Possible Refid changes were covered in a thread on the ntp hackers mailing list in May 2015 (with the subject line of NTP Development Snapshot 4.3.33 Released
Ideas discussed in this thread include:
- In the short run, using a reserved value (e.g. 255) for the first byte within in the existing 4-byte Refid field (followed by 3 bytes of the hash) seems the best way to avoid confusion between IPv6 hashes and "real" IPv4 address.
- There was a proposal to try to handle specially the particular case where a server has two published IP numbers, one IPv4 and one IPv6, in which case the generated Refid for that server be based on a combination of both of those addresses. The idea would be to avoid one common category of failures of loop-detection, where a single server is accessible over both IPv4 and IPv6 but otherwise has a simple connectivity profile. Implementing such special handling might involve reserving a couple bits at the top of the 3-byte field to flag which sort of hashing/combining was used to generate that particular Refid.

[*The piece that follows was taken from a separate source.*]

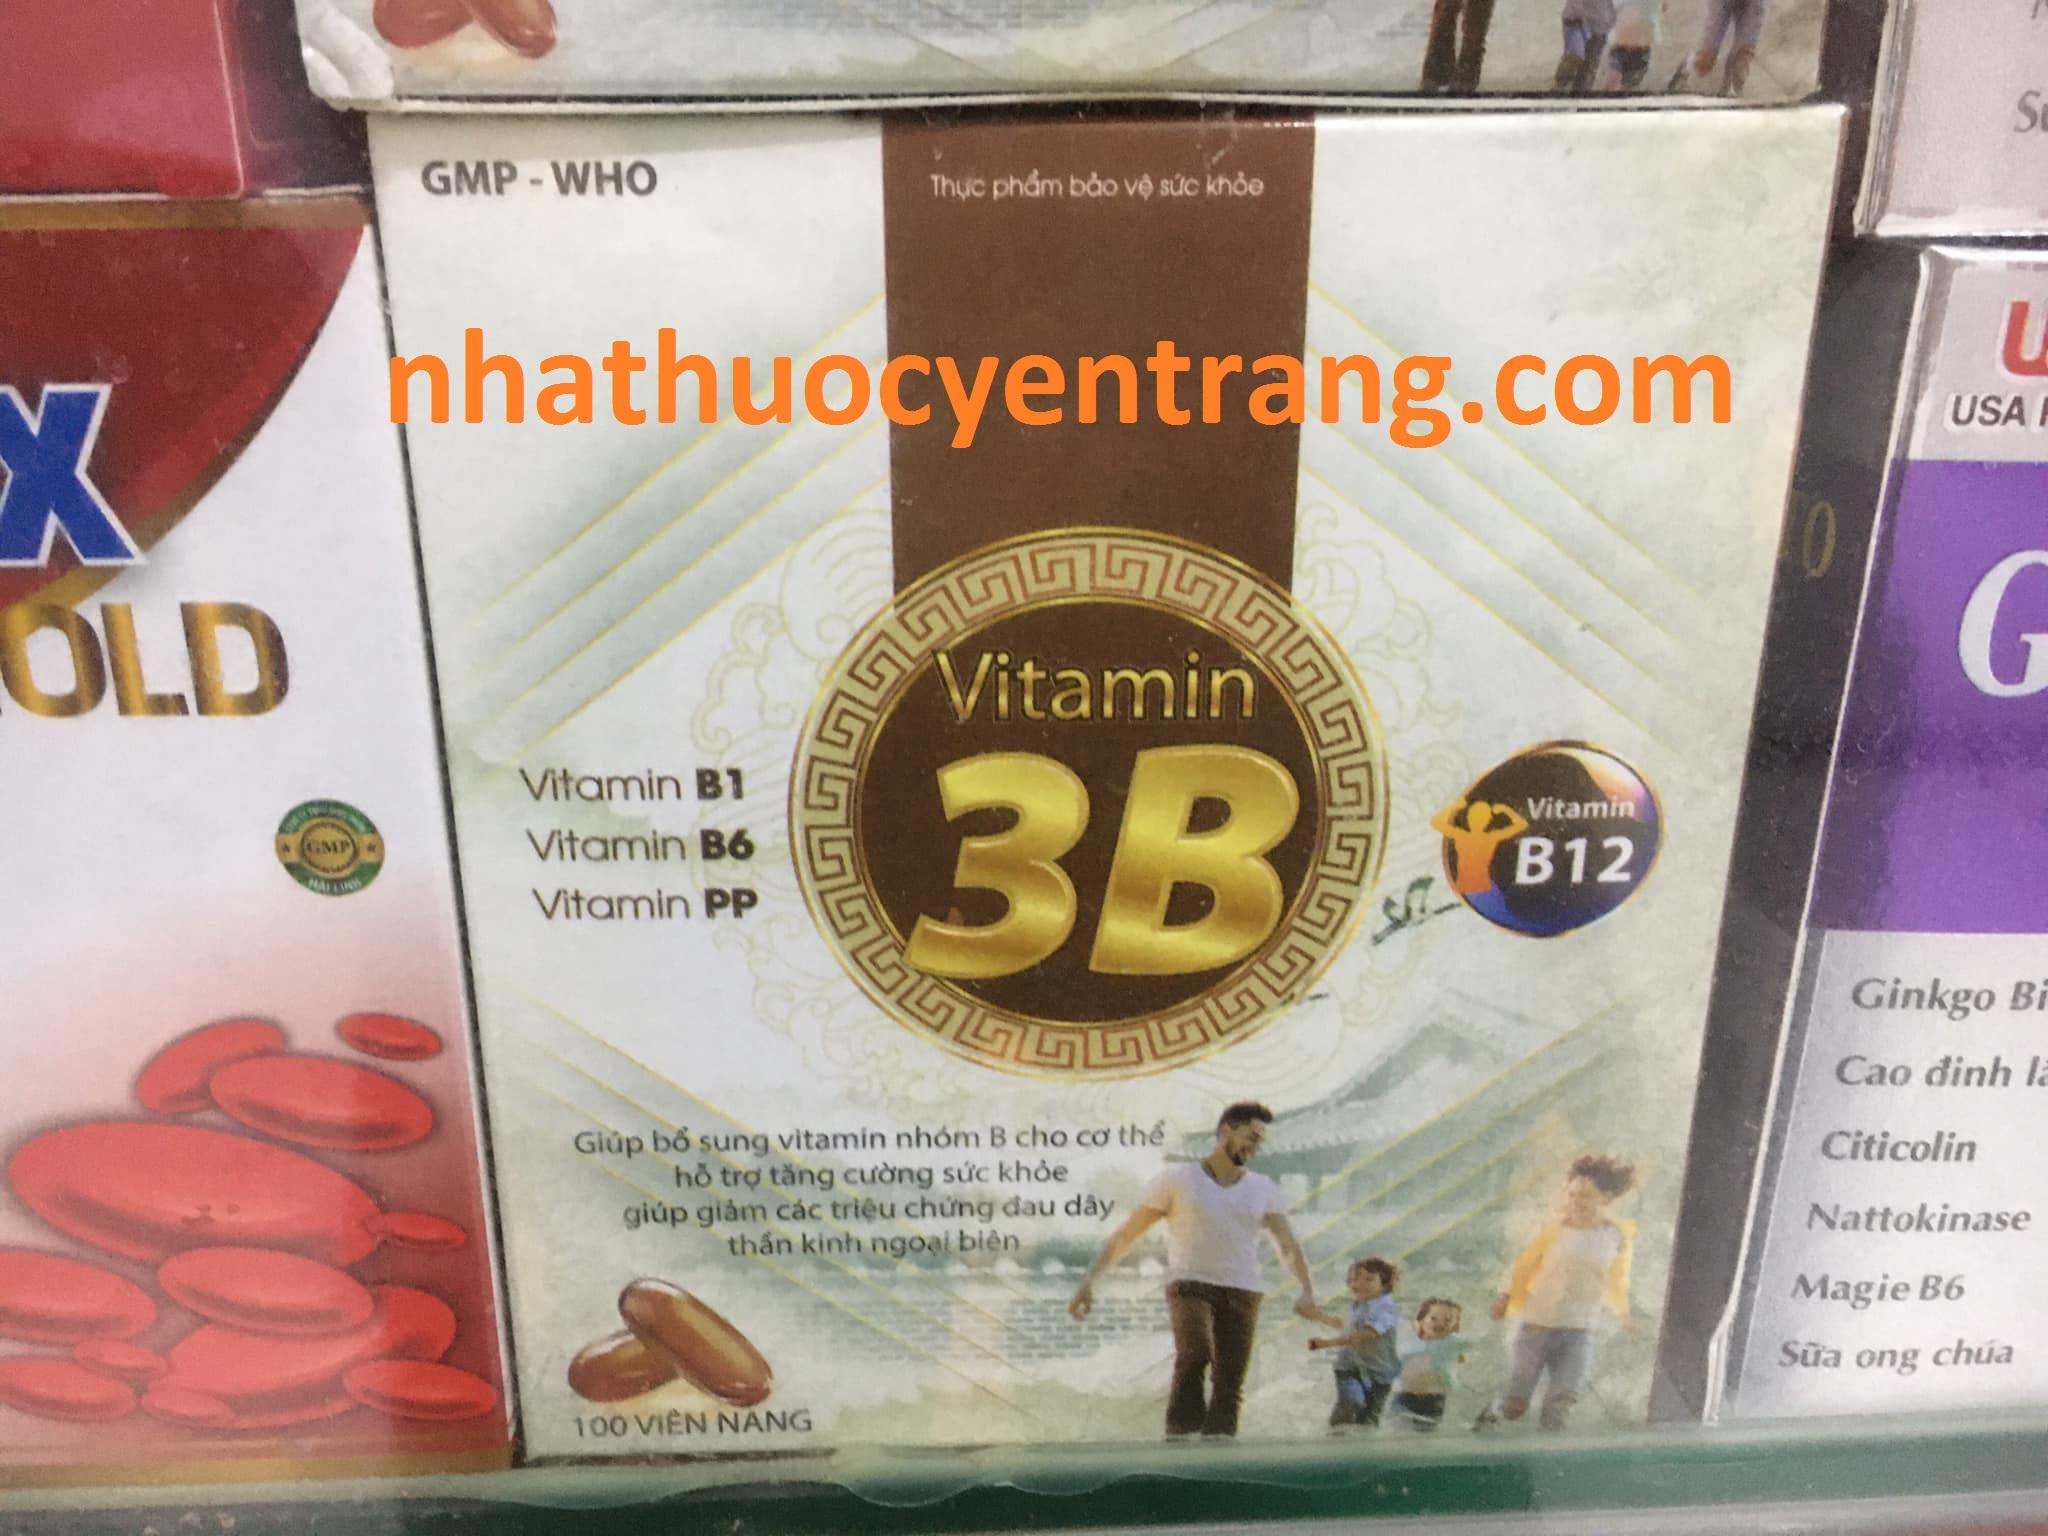 Vitamin 3B

- In the long run, to serve the loop-detection function, there will need to be a change to the protocol so that a particular ntpd server comes up with its own unique ID which it then publishes to all its clients (who then propagate it to their own clients), rather than the current situation where each server comes up with its own Refid for upstream servers. Probably this could be only 10 or 20 bits in size and still work for loop detection (and thus could even get encoded within the current four-byte Refid field for backwards compatibility). However, it might also be worth having this value encode information about the refclock used by a particular S1 server, so that client ntpds can try to ensure a diversity of upstream refclocks (but doing so would require more bits).
- With that change in place, a separate extension to the protocol would be needed so that clients could continue to learn the upstream servers' current sync sources' IP info. This would replace that aspect of the current Refid for IPv4 sources, and also support obtaining the full IP address in the IPv6 case, or perhaps could send the hostname instead of IP number. (However, some of these cases might involve too much data to fit in a mode 6 response packet.)
Also, it's worth noting that the recently implemented LeapSmearForNTPv4
makes use of a special Refid format, flagged by a 254 in the first byte.